====== RECORDS TO PROCESS
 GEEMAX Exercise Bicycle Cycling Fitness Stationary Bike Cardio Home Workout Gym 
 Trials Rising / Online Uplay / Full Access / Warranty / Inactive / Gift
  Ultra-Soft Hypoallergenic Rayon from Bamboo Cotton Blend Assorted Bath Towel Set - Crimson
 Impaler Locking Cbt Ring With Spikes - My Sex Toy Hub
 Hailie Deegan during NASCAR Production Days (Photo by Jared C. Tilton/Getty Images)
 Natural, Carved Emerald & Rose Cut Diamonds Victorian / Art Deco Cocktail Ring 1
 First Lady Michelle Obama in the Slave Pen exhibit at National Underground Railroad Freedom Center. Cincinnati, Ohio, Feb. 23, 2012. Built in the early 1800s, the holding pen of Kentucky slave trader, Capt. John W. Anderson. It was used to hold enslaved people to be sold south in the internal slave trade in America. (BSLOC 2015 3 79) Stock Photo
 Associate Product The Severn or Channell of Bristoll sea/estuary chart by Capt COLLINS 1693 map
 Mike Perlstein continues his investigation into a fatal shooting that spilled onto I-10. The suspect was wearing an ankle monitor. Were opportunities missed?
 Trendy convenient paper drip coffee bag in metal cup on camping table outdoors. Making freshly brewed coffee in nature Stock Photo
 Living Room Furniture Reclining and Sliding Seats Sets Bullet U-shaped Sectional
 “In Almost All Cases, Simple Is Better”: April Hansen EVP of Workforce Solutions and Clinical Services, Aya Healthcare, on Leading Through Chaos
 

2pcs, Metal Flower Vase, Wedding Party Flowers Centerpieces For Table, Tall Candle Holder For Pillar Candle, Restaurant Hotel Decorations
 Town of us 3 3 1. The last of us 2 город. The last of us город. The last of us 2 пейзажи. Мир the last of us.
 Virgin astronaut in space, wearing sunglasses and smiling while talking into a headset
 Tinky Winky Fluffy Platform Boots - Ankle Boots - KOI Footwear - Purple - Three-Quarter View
============
■ **ASSIGNED TASK**: Begin at the line that has "Living Room Furniture" in the entries above; stop after the line that has "2pcs, Metal Flower". Transcribe exactly those lines and no others.

■ **COMPLETED TASK**:
 Living Room Furniture Reclining and Sliding Seats Sets Bullet U-shaped Sectional
 “In Almost All Cases, Simple Is Better”: April Hansen EVP of Workforce Solutions and Clinical Services, Aya Healthcare, on Leading Through Chaos
 

2pcs, Metal Flower Vase, Wedding Party Flowers Centerpieces For Table, Tall Candle Holder For Pillar Candle, Restaurant Hotel Decorations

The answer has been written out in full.